最初にグレゴール審査委員長が登壇し、「10本のコンペ作品だけでなく、他の上映作品も、幅がありバラエティ豊かだった。それだけでなく、それぞれが作品群の中で重要な位置を持ち、選考されたことに正当性を持っていた。各作品は内容やスタイルに大きな違いはあるが、互いに補完し合い、存在価値を高めていた」と総評を述べた。
また、「審査員の職業的な出自はさまざま。映画の作り手、批評家、映画祭の運営に携わる者。さまざまな意見が出て、完全な一致はしませんでした。結果的には2本に絞り込みましたが、受賞しなかった作品にも、賞を与えられるべきものがあった、とここで申し上げておきます」と、審査会で白熱した議論が戦わされたことをうかがわせた。

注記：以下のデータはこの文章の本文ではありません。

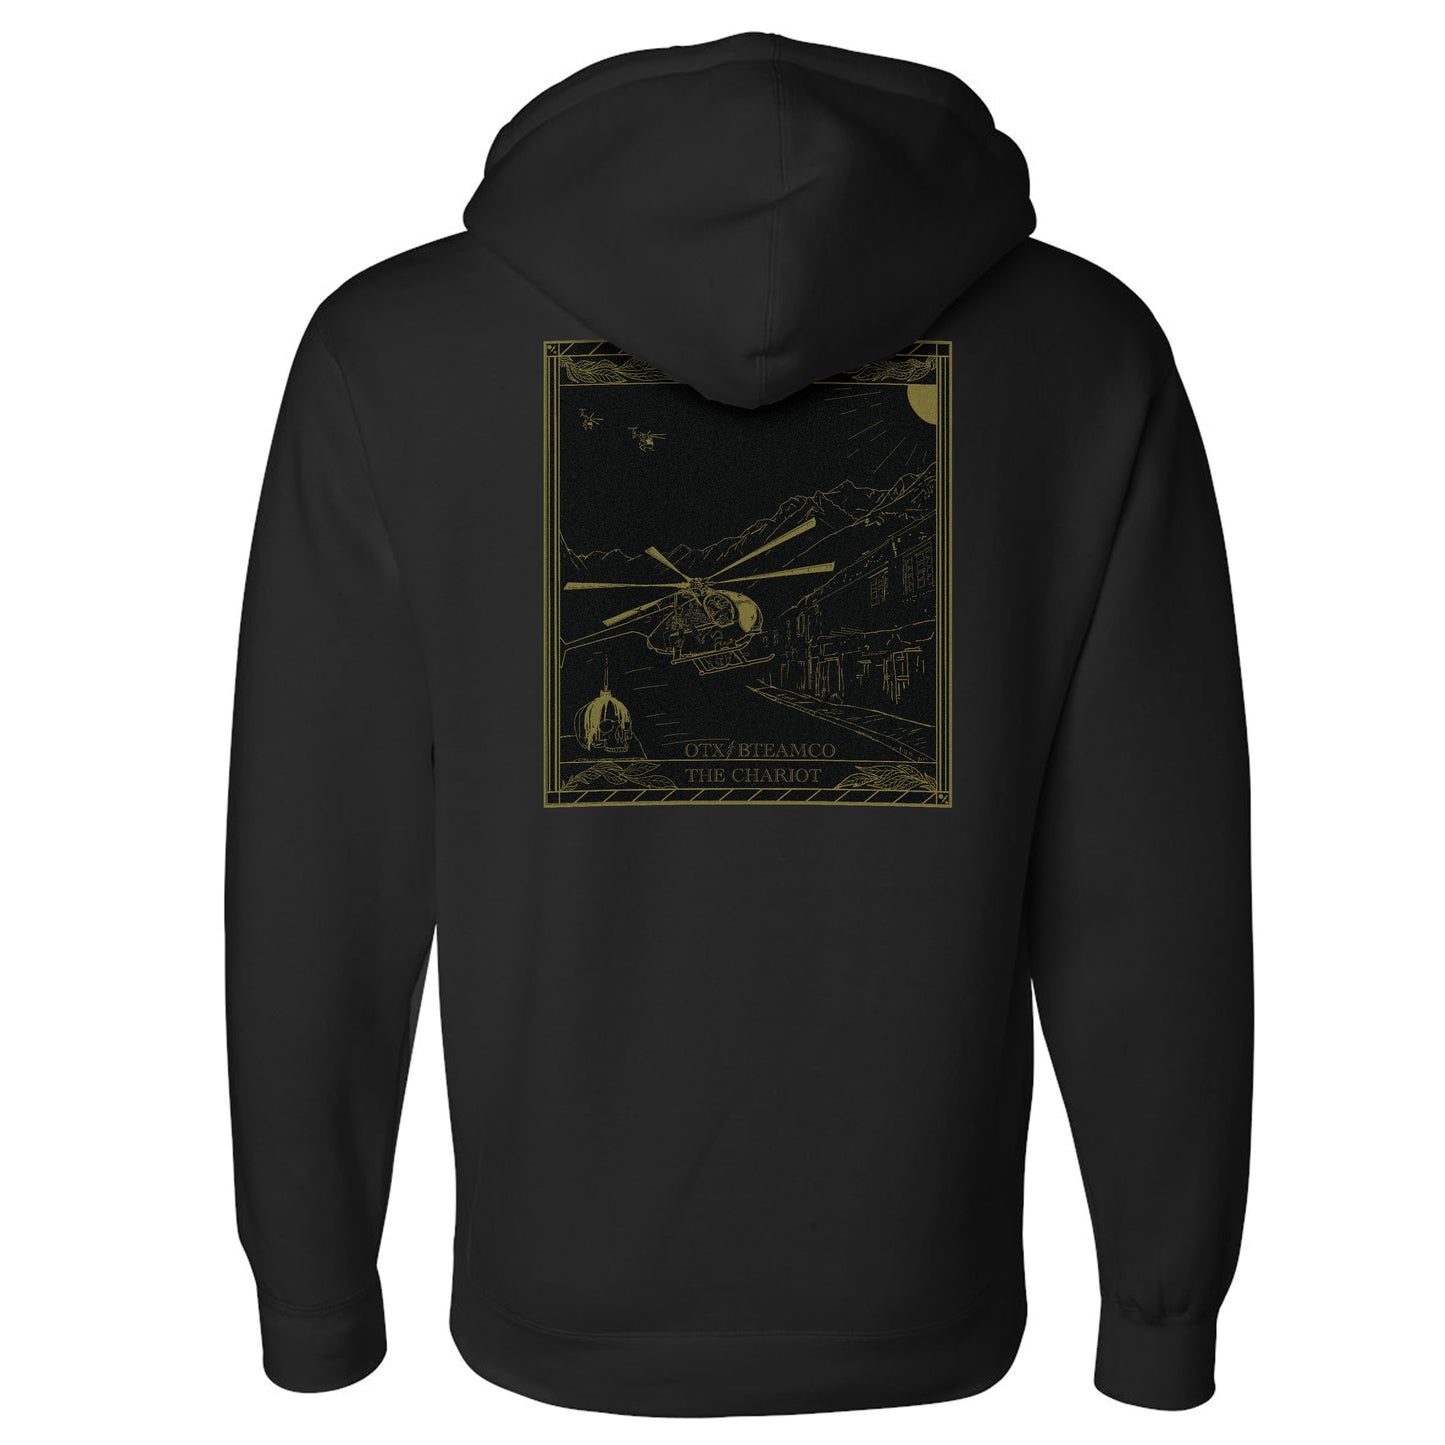 OTXxBTEAMCO - The Chariot Hoodie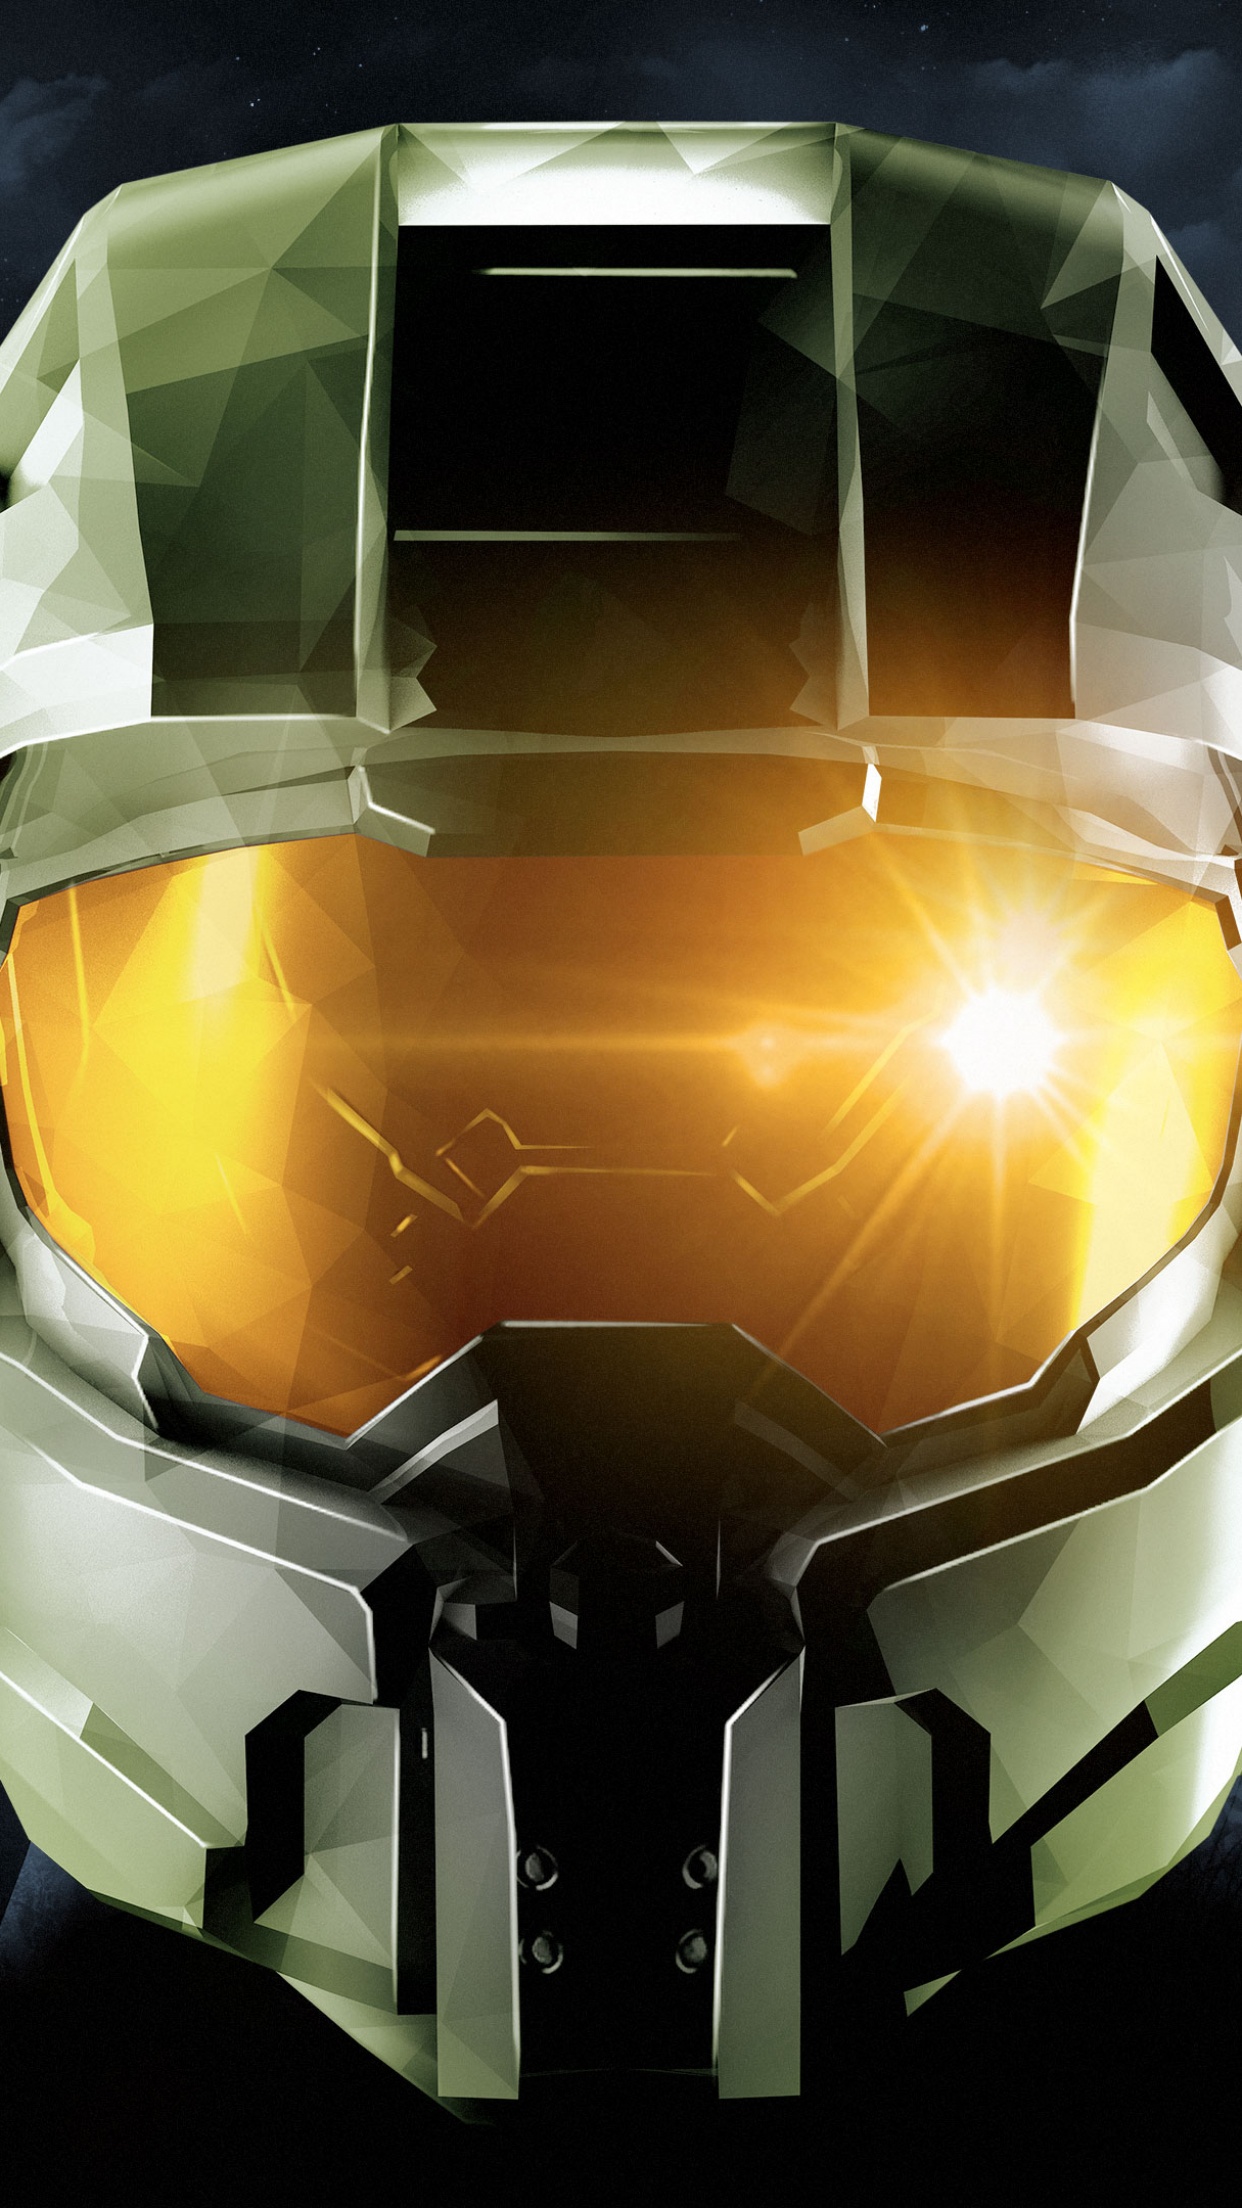 Halo: The Master Chief Collection Wallpaper 4K, Xbox One, PC Games

続いて、審査員特別賞「コダックVISIONアワード」の発表。
ハオ・ジェ監督の『独身男』(中国)に贈られることがアピチャッポン監督から述べられ、リー・チョクトーさんによって「監督と、自身に近い役柄を演じる村人たちとの間のコラボレーションから育った高い有機性と、中国の農村に存在する人間の性欲と社会問題を中立的な視点で描いていることを評価します」との受賞理由が読み上げられた。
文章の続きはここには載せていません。